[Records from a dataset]
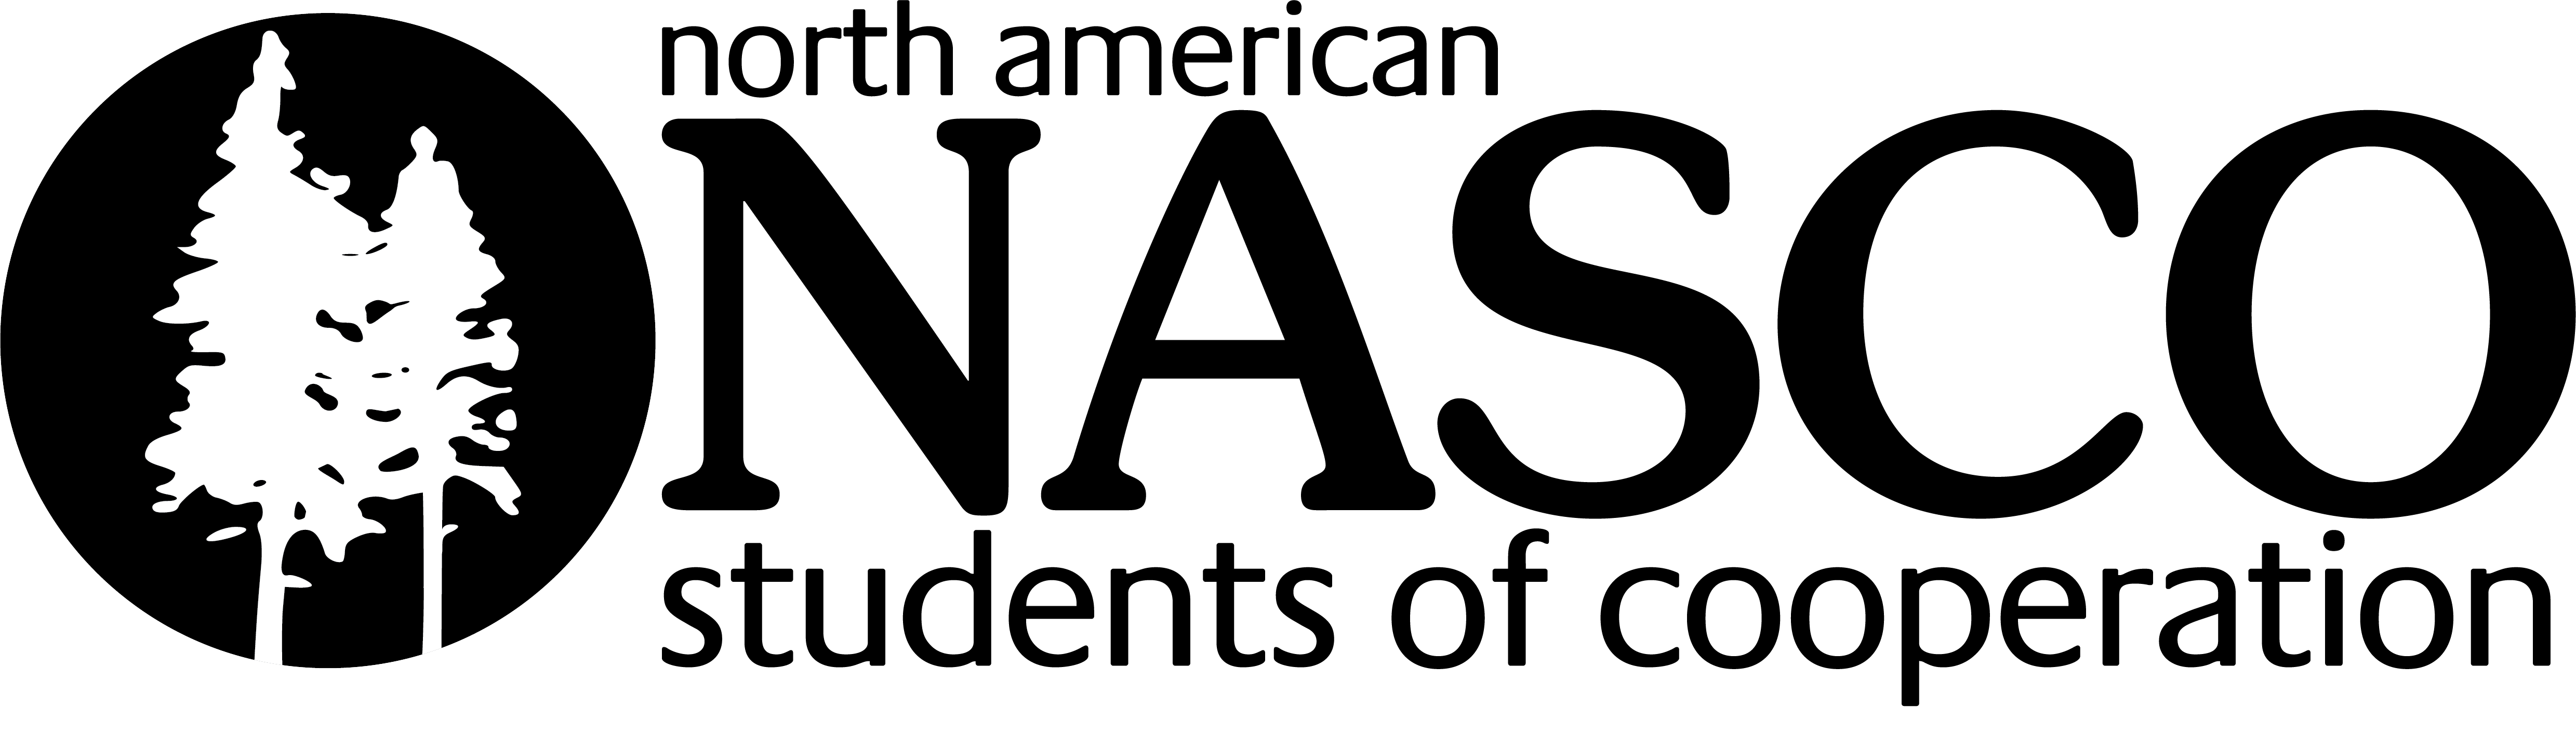 North American Students of Cooperation (NASCO)
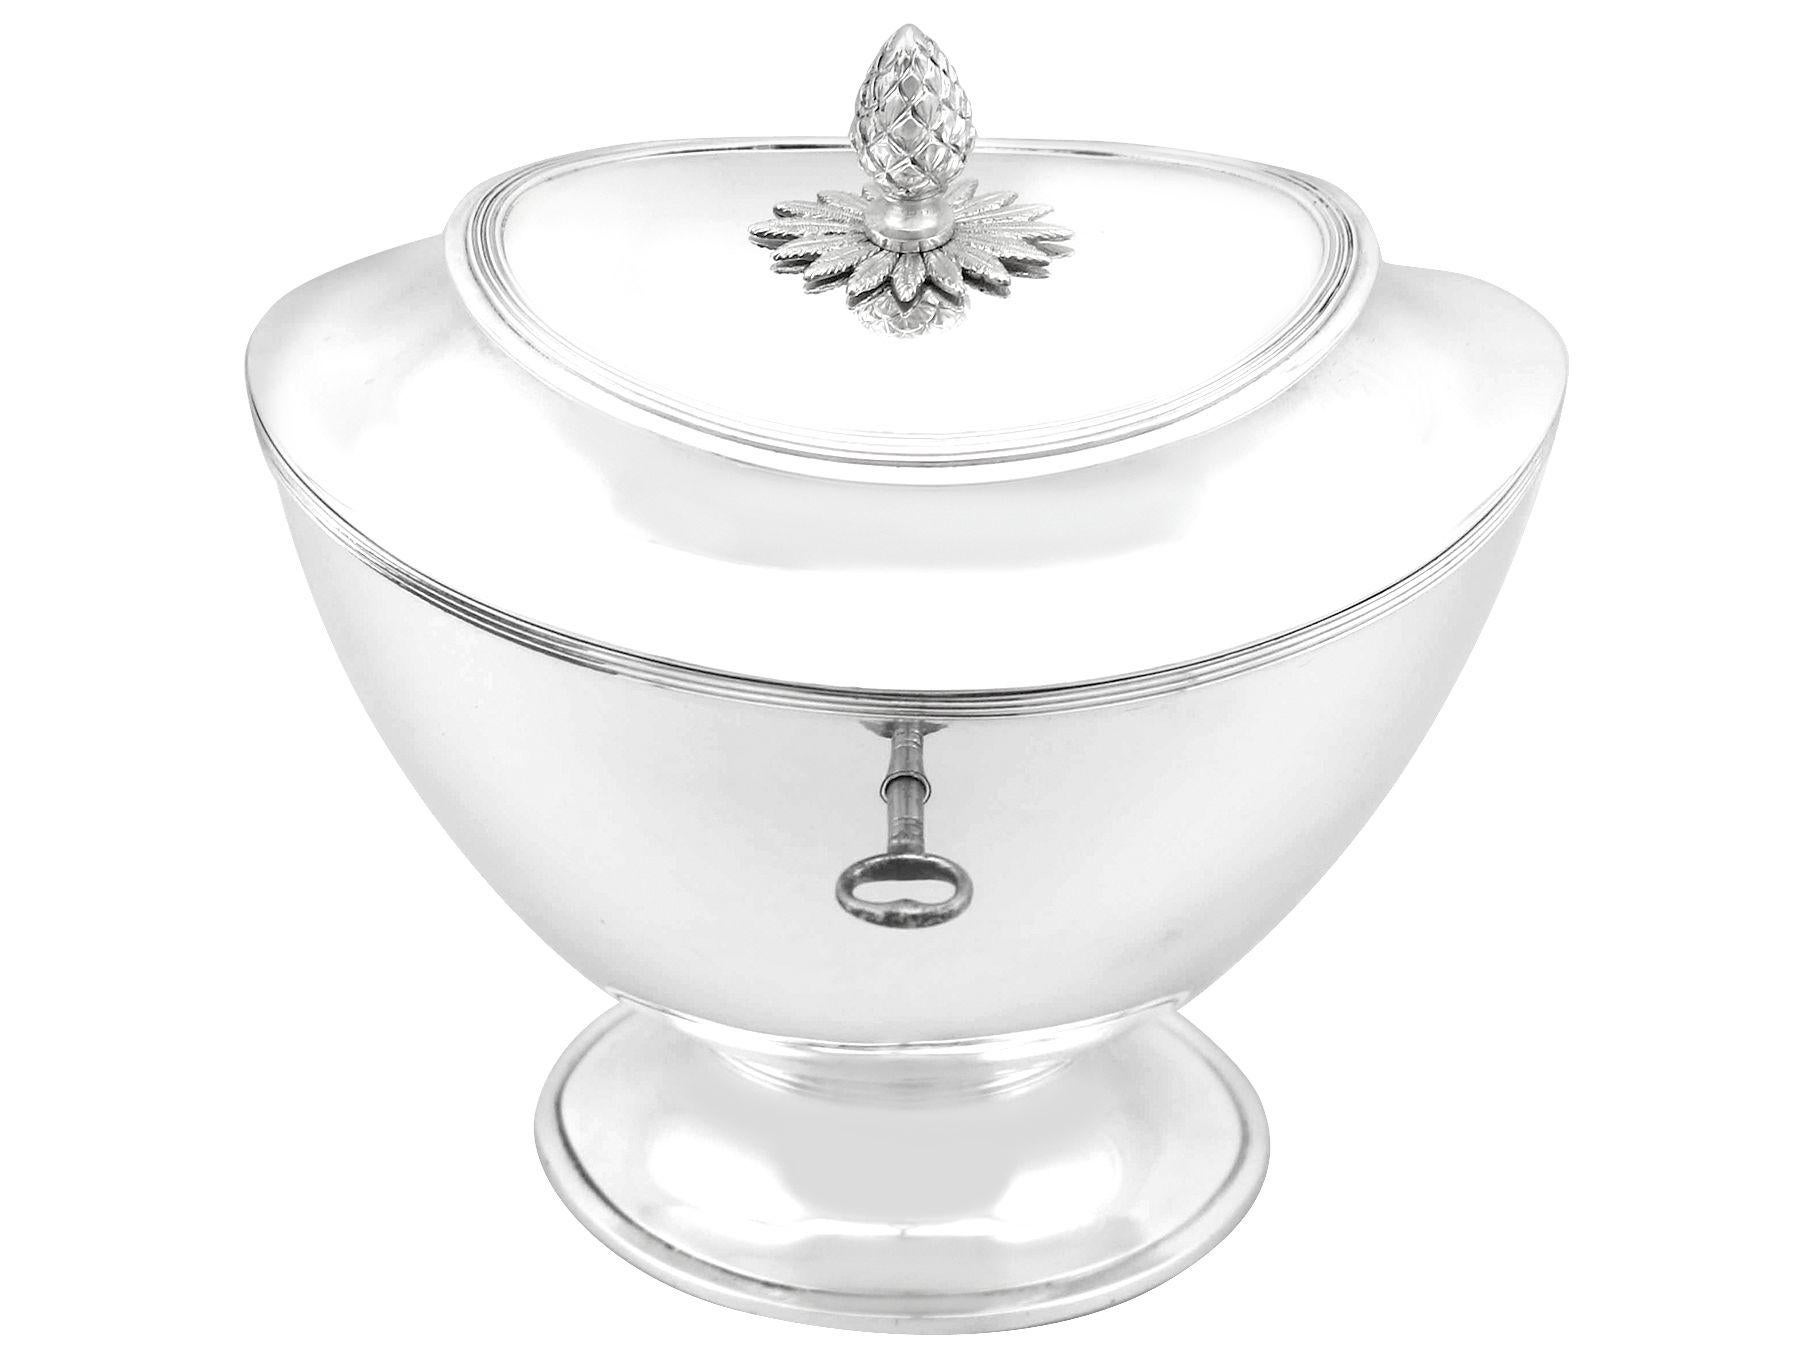 An exceptional, fine and impressive antique Dutch silver tea caddy; an addition to our silver teaware collection.

This exceptional antique Dutch silver tea caddy has an oval urn shaped form onto an oval pedestal foot.

The surface of this 19th
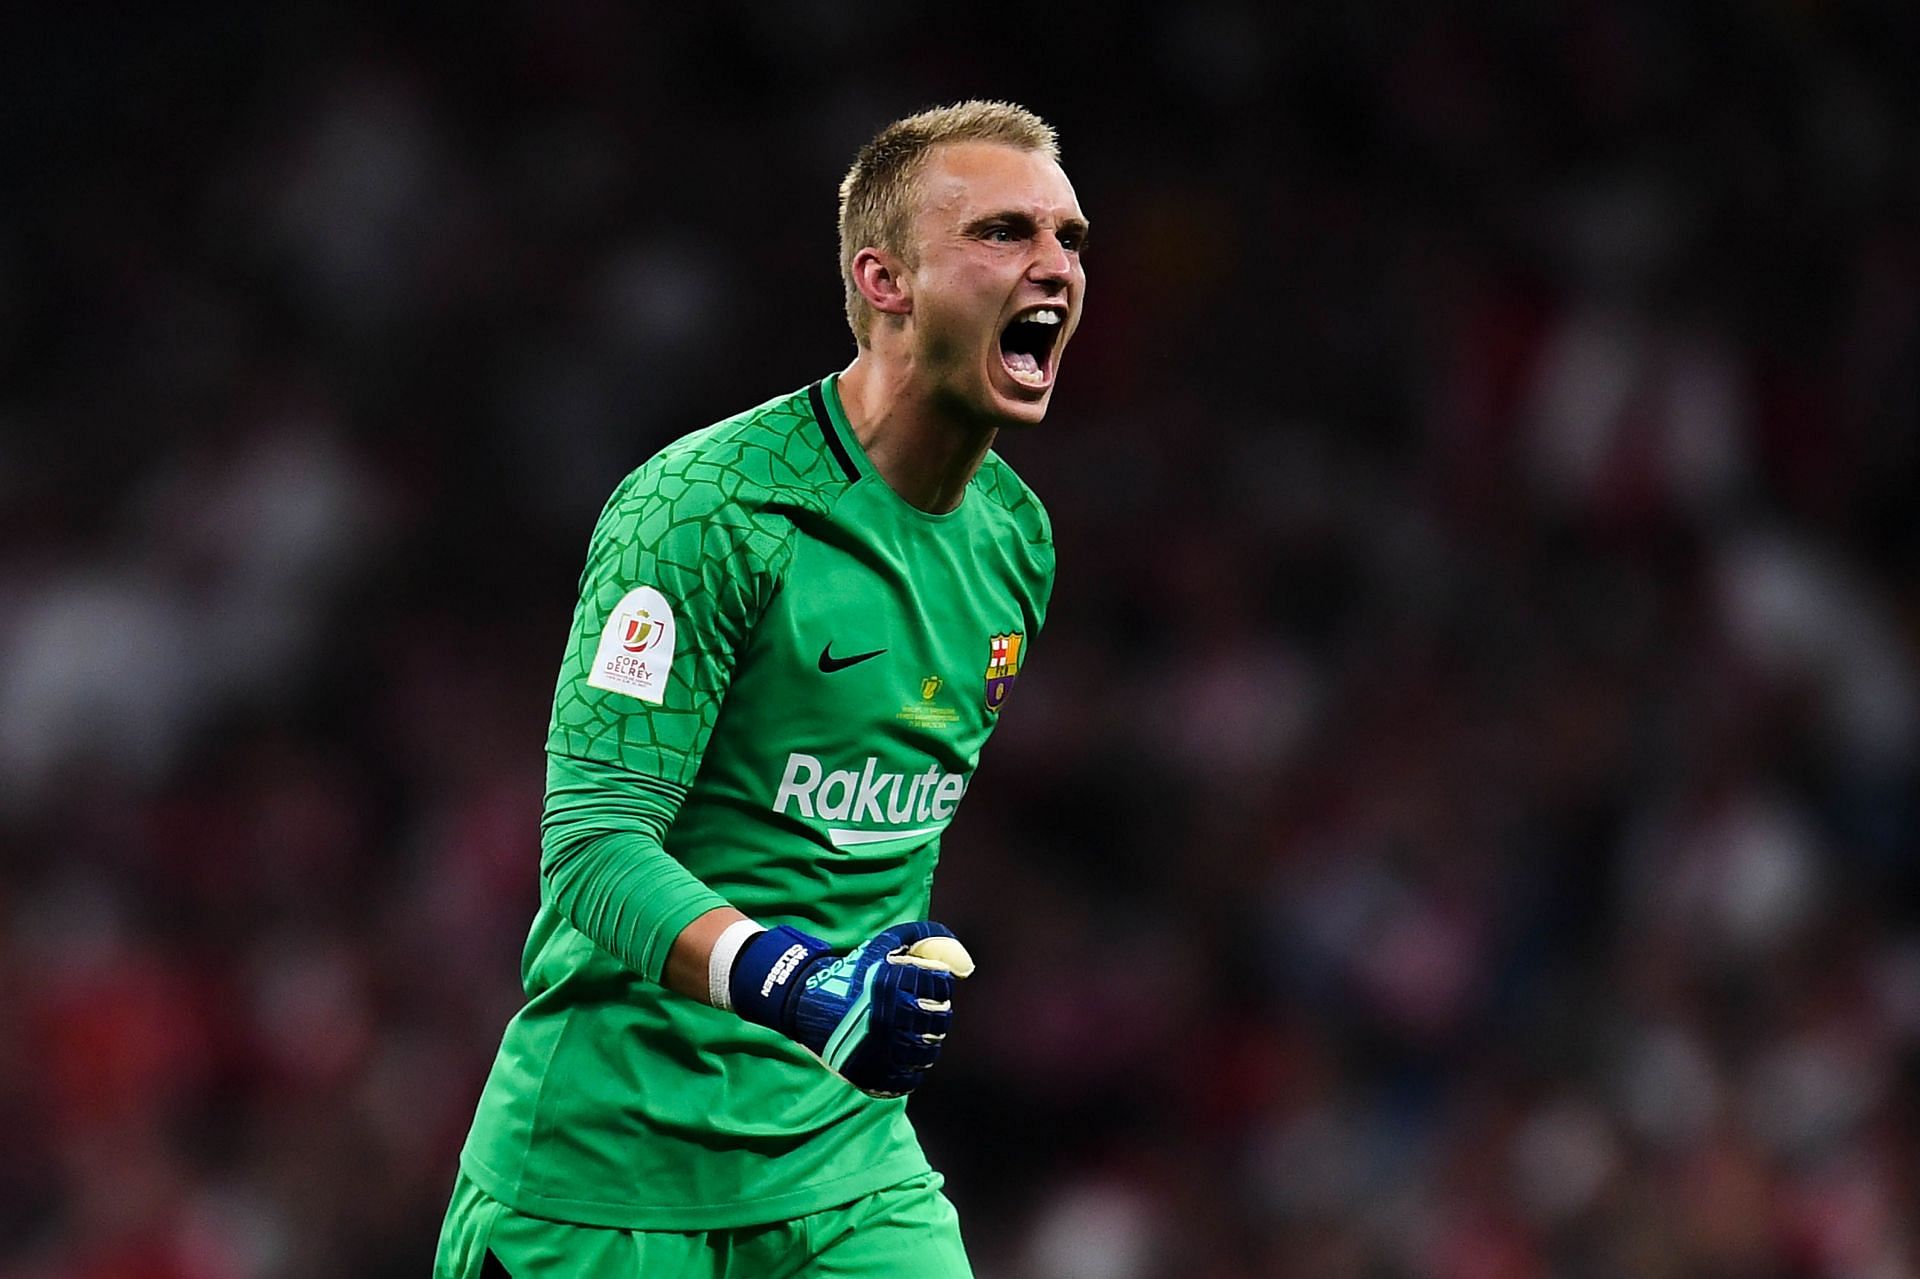 Jasper Cillessen struggled with game time with the Spanish giants.

- [Exercise objective] Exclude the images and reproduce the remaining data exactly.

- [Solved problem]
 North American Students of Cooperation (NASCO)
 An exceptional, fine and impressive antique Dutch silver tea caddy; an addition to our silver teaware collection.

This exceptional antique Dutch silver tea caddy has an oval urn shaped form onto an oval pedestal foot.

The surface of this 19th
 Jasper Cillessen struggled with game time with the Spanish giants.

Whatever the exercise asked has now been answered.